We are taught that God’s future is a future of hope, peace, and wholeness for all people.  Isaiah’s great vision of peace in our lesson has been an inspiration for many people.  Swords are beaten to ploughshares.  Spears become pruning hooks.  Weapons of death become tools for life. 

This vision inspired a statue which greets visitors to the United Nations building in New York.  A gift to the UN from the former Soviet Union, the statue shows a large, muscular bloke (possibly even one of Karl Marx’s “workers of the world”) making a good job of beating a rather menacing-looking sword into quite a useful-looking plough.

This vision also inspired the great Scots paraphrase which we’ll sing following this sermon:

No strife shall rage, nor hostile feuds
disturb those peaceful years;
to ploughshares nations beat their swords,
to pruning-hooks their spears.

No longer hosts encountering hosts
shall crowds of slain deplore;
they hang the trumpet in the hall
pursuing war no more.

Swords are beaten to ploughshares.  Spears become pruning hooks.  Weapons of death become tools for life. 

This image of radical wholeness is the message of hope in God’s future which we are called to proclaim as we begin Advent, not some eccentric message that is obsessed with ascribing hidden meanings – almost occult meanings - to world events.  Both in our lesson from the Hebrew Scriptures and from the gospel, there is an equally strong message that the best days of our world are ahead of us, not behind us.

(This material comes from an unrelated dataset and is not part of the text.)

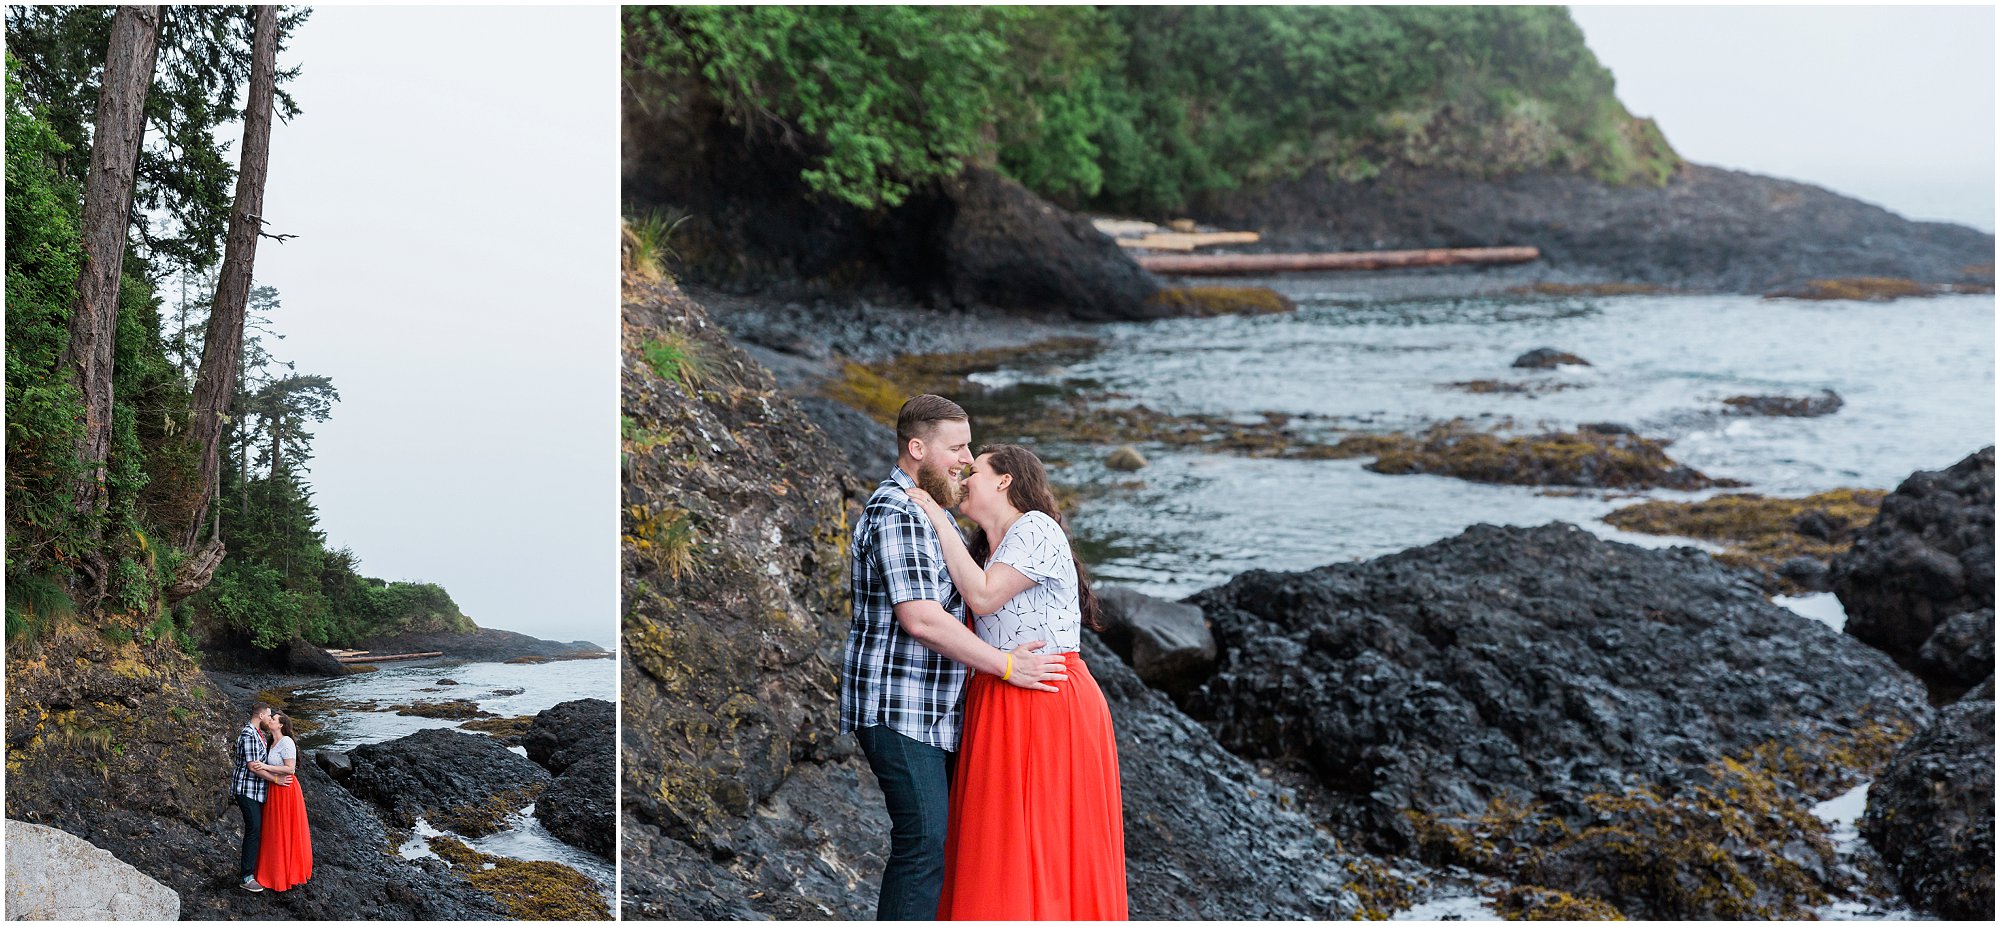 A perfect red flowy skirt pops against the greenery and foggy backdrop at this Washington Coast engagement photo session by Bend Oregon wedding photographer Erica Swantek. | Erica Swantek Photography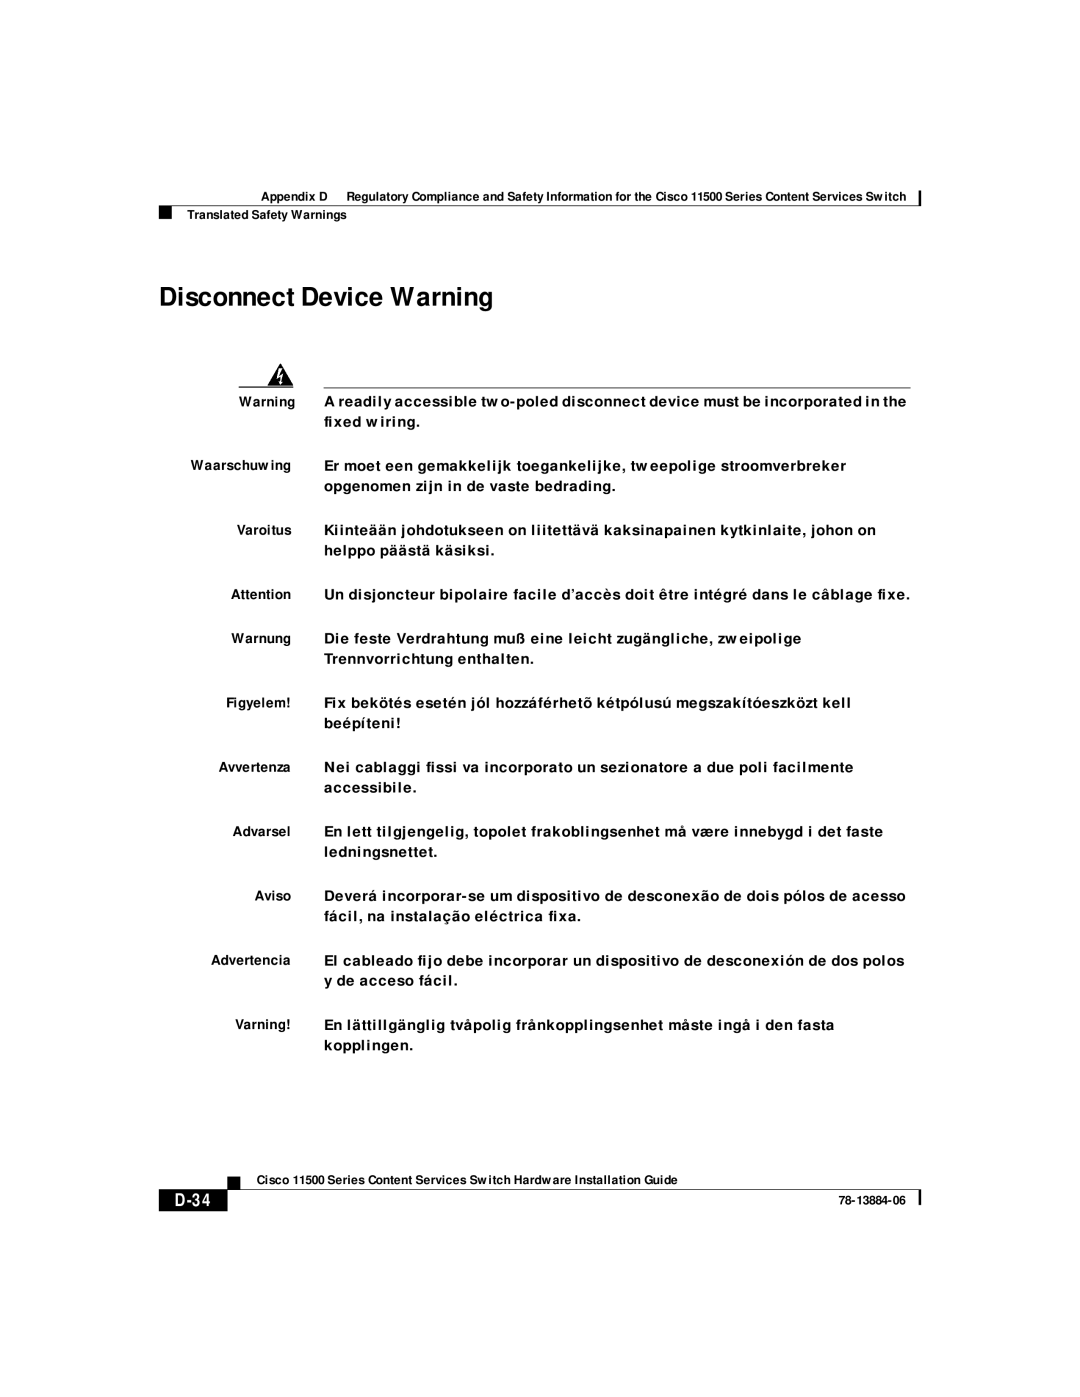 Cisco Systems 11501, 11506, 11503, 11500 appendix Disconnect Device Warning, D-34

In Advent, as we prepare once again to share the good news of Christ’s birth in our midst, and in the midst of “the hopes and fears of all the years”, we share a word of hope with our community and with our world.  The best days of our world are ahead of us, not behind us.

May we be alert and awake as we do so:
·         alert to the dangers of corrupting our word of hope into a word of fear,
·         awake to the possibilities of God’s grace breaking in to our world in unexpected times and unexpected places.